The irony — noted frequently — is that President Kennedy, who signed the embargo, reportedly sent an aide to purchase several hundred Cuban cigars the night before it took effect.
The embargo had profound and lasting consequences. Many of Cuba's most talented cigar makers and tobacco families fled the island, taking their knowledge and seeds to other countries. They established operations in Nicaragua, Honduras, the Dominican Republic, and the Canary Islands — planting the seeds of what would become a global premium cigar renaissance.

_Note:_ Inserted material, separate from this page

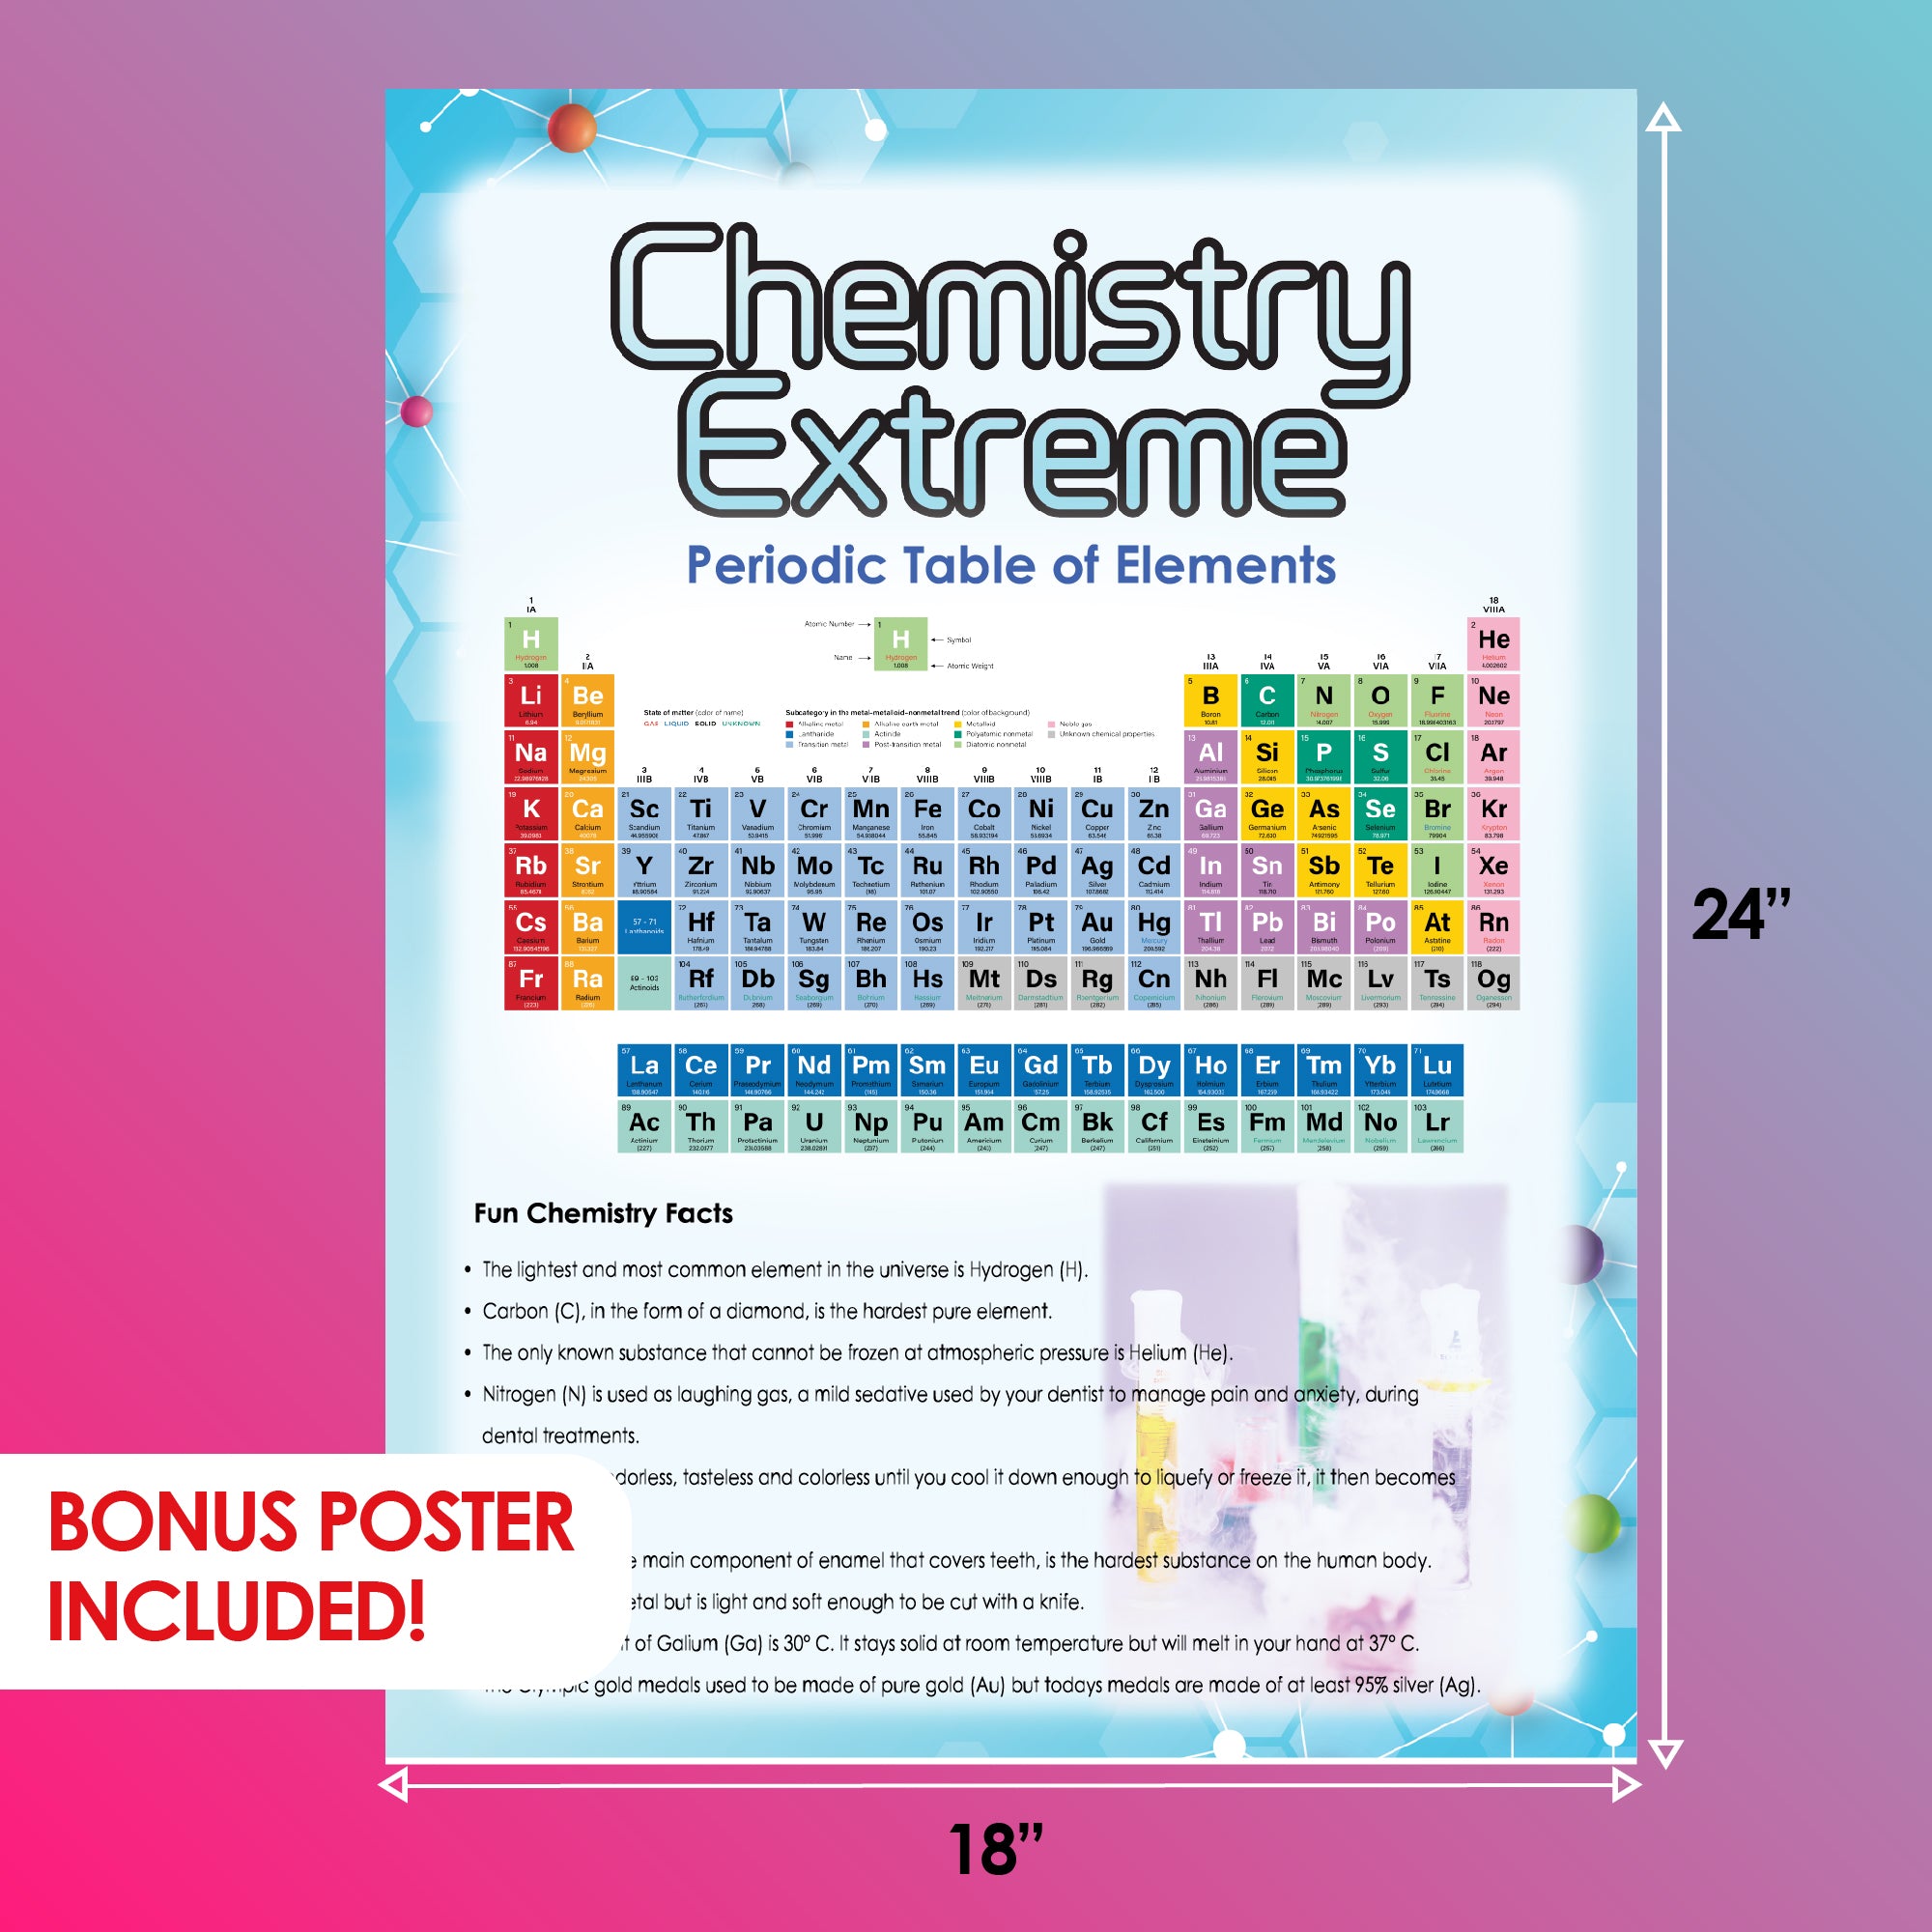 Chemistry Extreme Kit

The Great Cigar Boom of the 1990s
In the early 1990s, premium cigars experienced an extraordinary surge in popularity — particularly in the United States. Fueled by a booming economy, celebrity culture, and influential cigar magazines, cigar smoking became fashionable again. Demand far outstripped supply, and waiting lists for premium brands stretched months long. This period — known in the industry as the Cigar Boom — brought a wave of new producers, new regions, and new consumers into the world of premium cigars.
Cuban Cigars Today
Cuban cigars retain an almost mythological status in cigar culture. The Havana brands — Cohiba, Montecristo, Romeo y Julieta, Partagás, H. Upmann — are recognized worldwide. However, the conversation about whether Cuban cigars are definitively "the best" has grown far more nuanced. Quality control issues in the 1990s and 2000s, combined with the extraordinary rise of Nicaraguan, Dominican, and Honduran production, means that today's finest non-Cuban cigars are genuinely competitive — and in some categories, superior.
For American smokers, Cuban cigars remain legally unavailable for commercial import, making them both a curiosity and a symbol of forbidden luxury.
A Legacy That Endures
Whatever one's view on the modern quality debate, the cultural legacy of Cuban cigars is undeniable. They shaped the language, rituals, aesthetics, and very identity of the premium cigar world. Every great cigar made today — wherever it originates — exists in dialogue with the Cuban tradition. That is perhaps the truest measure of their enduring greatness.